🤖 AI Summary
This work addresses the limitations of existing hierarchical Shapley methods, which overlook the multi-scale structure inherent in images, resulting in slow convergence, weak semantic alignment, and data-agnostic hierarchical partitions. To overcome these issues, the paper introduces, for the first time, a data-driven binary partition tree (BPT) into the hierarchical Shapley framework, thereby constructing a multi-scale hierarchy that aligns with the intrinsic morphological structure of images. This approach enables efficient and semantically coherent pixel-level feature attribution. The proposed method significantly outperforms current techniques in both computational efficiency and structural alignment, and achieves higher user preference in a study involving 20 participants.
📝 Abstract
Pixel-level feature attributions are an important tool in eXplainable AI for Computer Vision (XCV), providing visual insights into how image features influence model predictions. The Owen formula for hierarchical Shapley values has been widely used to interpret machine learning (ML) models and their learned representations. However, existing hierarchical Shapley approaches do not exploit the multiscale structure of image data, leading to slow convergence and weak alignment with the actual morphological features. Moreover, no prior Shapley method has leveraged data-aware hierarchies for Computer Vision tasks, leaving a gap in model interpretability of structured visual data. To address this, this paper introduces ShapBPT, a novel data-aware XCV method based on the hierarchical Shapley formula. ShapBPT assigns Shapley coefficients to a multiscale hierarchical structure tailored for images, the Binary Partition Tree (BPT).

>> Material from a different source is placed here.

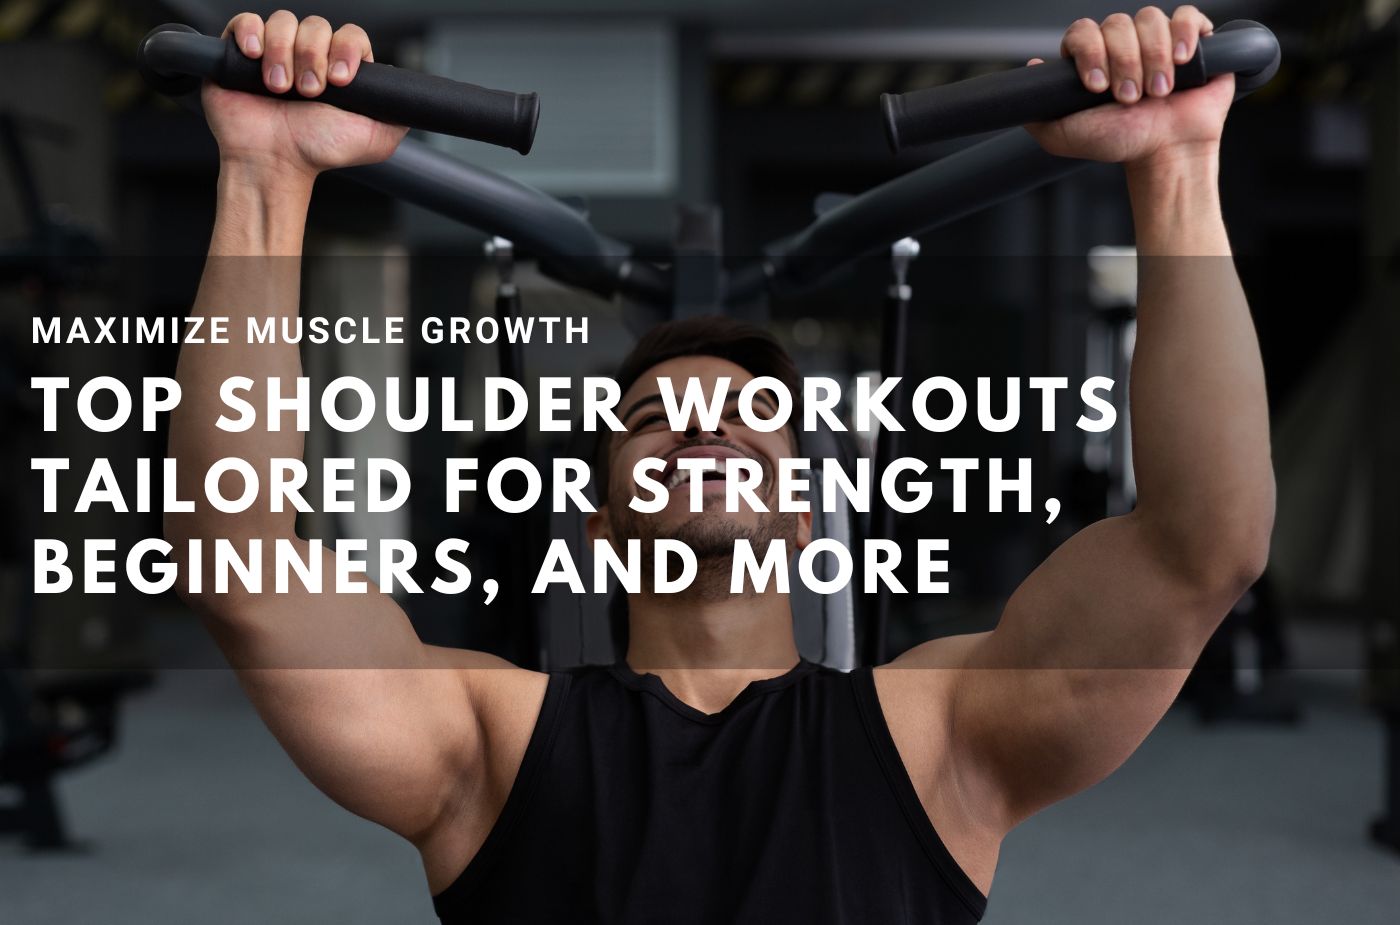 Maximize Muscle Growth: Top Shoulder Workouts Tailored for Strength, Beginners, and More

By using this data-aware hierarchical partitioning, ShapBPT ensures that feature attributions align with intrinsic image morphology, effectively prioritizing relevant regions while reducing computational overhead. This advancement connects hierarchical Shapley methods with image data, providing a more efficient and semantically meaningful approach to visual interpretability. Experimental results confirm ShapBPT's effectiveness, demonstrating superior alignment with image structures and improved efficiency over existing XCV methods, and a 20-subject user study confirming that ShapBPT explanations are preferred by humans.